## INFORMATION PROVIDED
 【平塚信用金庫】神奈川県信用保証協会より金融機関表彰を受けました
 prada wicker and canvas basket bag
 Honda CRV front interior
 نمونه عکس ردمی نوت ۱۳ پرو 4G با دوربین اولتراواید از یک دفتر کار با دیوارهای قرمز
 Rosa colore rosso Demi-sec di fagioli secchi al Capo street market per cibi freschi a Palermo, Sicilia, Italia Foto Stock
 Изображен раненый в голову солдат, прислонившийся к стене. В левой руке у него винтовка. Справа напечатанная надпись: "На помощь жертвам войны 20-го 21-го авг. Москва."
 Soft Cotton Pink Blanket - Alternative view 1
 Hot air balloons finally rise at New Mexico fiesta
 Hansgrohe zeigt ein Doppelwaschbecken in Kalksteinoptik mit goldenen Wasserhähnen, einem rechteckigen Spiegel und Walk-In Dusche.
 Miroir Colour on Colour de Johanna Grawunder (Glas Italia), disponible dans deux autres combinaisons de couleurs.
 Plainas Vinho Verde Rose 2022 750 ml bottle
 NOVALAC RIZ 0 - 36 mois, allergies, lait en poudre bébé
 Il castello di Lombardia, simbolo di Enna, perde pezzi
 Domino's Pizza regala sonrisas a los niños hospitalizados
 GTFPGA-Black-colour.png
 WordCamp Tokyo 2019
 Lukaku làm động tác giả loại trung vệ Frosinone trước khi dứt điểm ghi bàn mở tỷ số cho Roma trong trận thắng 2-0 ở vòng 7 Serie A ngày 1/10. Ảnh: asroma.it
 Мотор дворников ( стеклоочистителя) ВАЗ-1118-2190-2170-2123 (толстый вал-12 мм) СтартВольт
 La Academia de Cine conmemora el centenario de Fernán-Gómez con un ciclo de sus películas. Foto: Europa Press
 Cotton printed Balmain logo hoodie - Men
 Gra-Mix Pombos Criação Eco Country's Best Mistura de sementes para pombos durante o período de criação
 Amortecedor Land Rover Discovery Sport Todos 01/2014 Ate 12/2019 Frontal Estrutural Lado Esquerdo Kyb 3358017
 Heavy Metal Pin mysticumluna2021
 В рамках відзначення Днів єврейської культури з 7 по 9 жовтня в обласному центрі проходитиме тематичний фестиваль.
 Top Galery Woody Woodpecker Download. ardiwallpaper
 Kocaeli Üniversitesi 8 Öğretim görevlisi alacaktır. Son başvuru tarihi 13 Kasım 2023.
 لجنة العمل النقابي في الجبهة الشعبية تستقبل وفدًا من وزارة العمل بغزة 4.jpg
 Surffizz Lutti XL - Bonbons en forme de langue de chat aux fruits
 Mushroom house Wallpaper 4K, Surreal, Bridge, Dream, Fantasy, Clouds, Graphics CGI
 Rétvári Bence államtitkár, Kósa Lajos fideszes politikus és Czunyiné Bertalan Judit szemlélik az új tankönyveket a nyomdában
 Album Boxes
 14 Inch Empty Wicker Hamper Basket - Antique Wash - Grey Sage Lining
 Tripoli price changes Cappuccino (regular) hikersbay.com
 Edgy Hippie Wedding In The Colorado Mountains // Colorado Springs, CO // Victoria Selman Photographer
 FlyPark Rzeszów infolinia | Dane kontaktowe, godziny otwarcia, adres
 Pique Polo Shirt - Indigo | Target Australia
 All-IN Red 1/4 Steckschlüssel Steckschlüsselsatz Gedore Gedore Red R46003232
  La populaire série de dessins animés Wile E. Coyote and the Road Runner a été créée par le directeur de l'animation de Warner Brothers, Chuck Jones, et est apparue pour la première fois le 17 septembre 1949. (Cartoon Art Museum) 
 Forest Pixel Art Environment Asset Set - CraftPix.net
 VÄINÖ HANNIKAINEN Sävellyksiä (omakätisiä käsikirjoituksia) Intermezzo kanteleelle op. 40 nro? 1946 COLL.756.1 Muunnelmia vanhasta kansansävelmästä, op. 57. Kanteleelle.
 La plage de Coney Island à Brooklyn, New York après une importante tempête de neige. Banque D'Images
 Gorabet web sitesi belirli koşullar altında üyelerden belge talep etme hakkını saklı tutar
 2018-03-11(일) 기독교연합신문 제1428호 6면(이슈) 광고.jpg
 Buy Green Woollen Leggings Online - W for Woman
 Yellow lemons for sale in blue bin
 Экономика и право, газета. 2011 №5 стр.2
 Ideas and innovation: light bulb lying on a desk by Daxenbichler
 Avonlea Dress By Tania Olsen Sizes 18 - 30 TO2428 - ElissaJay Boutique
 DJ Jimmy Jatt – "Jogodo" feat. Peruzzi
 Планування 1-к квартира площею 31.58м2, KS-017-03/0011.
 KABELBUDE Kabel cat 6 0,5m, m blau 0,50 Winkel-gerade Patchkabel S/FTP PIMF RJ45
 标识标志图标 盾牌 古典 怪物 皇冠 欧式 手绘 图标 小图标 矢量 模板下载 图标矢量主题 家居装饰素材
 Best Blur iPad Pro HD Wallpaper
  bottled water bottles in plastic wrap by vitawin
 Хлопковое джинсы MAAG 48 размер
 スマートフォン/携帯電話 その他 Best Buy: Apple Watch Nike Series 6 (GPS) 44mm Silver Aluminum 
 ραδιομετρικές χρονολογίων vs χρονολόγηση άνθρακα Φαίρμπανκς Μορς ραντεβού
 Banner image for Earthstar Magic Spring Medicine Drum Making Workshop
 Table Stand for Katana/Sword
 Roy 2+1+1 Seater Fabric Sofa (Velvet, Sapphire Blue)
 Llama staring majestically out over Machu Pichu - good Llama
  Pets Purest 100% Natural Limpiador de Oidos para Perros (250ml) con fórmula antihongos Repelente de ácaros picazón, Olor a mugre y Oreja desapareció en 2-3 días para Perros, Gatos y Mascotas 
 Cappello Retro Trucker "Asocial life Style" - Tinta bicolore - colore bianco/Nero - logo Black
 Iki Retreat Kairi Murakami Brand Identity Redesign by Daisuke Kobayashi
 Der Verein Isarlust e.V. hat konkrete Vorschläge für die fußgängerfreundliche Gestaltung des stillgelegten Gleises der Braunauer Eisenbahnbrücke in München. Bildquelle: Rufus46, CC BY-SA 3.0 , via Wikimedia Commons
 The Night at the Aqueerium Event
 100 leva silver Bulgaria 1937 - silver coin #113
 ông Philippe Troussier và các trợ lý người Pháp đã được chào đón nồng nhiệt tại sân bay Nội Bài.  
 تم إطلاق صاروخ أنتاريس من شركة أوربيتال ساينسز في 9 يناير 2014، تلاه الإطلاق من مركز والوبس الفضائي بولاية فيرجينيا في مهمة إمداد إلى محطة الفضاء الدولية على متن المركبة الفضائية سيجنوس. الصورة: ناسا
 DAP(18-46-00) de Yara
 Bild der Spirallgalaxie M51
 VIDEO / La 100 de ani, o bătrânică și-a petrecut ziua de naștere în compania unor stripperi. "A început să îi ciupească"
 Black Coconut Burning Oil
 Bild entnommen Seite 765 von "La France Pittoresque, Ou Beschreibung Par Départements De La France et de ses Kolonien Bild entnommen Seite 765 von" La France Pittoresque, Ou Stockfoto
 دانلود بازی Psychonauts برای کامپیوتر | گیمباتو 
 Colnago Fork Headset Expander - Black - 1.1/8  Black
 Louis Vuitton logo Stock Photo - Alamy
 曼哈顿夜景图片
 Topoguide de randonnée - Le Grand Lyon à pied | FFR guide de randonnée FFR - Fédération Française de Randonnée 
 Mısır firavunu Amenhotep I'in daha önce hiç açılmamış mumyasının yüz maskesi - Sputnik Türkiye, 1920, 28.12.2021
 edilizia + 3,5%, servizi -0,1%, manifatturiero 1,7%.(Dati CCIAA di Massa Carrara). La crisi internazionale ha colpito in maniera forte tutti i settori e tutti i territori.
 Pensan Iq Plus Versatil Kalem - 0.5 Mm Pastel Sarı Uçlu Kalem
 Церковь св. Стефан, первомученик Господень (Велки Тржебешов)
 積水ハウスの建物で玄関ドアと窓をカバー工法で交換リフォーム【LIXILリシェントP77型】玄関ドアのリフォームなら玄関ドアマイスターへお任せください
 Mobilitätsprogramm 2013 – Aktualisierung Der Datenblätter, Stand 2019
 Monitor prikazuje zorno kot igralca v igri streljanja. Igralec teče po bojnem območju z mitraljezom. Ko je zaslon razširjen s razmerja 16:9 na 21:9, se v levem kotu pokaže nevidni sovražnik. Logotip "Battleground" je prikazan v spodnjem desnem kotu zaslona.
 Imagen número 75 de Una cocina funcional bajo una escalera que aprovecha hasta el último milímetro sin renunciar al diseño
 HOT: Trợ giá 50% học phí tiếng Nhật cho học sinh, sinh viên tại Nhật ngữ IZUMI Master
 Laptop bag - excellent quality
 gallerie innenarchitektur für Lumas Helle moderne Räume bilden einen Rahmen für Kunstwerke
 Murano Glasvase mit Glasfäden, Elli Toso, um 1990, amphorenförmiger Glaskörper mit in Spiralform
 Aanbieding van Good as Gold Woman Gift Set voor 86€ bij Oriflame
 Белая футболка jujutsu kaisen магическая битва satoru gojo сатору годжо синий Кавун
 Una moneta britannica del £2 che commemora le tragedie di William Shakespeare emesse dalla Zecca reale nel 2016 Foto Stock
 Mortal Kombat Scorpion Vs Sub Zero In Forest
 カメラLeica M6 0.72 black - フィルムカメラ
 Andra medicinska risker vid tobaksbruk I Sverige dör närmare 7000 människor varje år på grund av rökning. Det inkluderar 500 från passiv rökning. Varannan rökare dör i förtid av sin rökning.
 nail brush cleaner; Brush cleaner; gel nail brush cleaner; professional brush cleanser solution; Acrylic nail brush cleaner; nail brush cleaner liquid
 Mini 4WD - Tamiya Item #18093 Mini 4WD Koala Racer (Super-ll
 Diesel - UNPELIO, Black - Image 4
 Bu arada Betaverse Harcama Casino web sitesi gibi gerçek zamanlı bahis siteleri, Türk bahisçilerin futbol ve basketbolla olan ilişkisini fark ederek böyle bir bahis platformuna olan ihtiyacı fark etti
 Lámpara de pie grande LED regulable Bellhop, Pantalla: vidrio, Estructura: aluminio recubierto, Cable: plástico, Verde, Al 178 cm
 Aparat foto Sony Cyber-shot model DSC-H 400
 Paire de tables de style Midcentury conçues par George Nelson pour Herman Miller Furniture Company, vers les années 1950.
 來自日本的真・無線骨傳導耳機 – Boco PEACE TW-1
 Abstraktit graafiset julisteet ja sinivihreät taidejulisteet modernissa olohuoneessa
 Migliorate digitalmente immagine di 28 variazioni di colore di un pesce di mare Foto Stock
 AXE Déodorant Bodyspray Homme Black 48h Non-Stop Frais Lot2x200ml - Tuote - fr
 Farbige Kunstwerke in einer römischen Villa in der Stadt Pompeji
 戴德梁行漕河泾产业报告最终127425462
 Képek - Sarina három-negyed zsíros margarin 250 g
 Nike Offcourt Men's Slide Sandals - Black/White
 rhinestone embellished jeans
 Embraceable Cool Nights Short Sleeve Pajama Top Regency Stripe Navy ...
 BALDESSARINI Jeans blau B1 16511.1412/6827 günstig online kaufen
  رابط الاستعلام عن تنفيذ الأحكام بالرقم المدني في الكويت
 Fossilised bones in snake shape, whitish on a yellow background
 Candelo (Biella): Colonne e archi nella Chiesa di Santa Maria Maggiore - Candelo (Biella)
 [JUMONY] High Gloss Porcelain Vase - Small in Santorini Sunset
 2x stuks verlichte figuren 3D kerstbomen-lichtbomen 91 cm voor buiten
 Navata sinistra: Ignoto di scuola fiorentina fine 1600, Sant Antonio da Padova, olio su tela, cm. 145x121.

## TASK ITEM
The lines above starting at the one that contains "رابط الاستعلام عن" and ending at the one that contains "2x stuks verlichte" must be transcribed exactly, and no other lines may appear.

## TASK RESULT
  رابط الاستعلام عن تنفيذ الأحكام بالرقم المدني في الكويت
 Fossilised bones in snake shape, whitish on a yellow background
 Candelo (Biella): Colonne e archi nella Chiesa di Santa Maria Maggiore - Candelo (Biella)
 [JUMONY] High Gloss Porcelain Vase - Small in Santorini Sunset
 2x stuks verlichte figuren 3D kerstbomen-lichtbomen 91 cm voor buiten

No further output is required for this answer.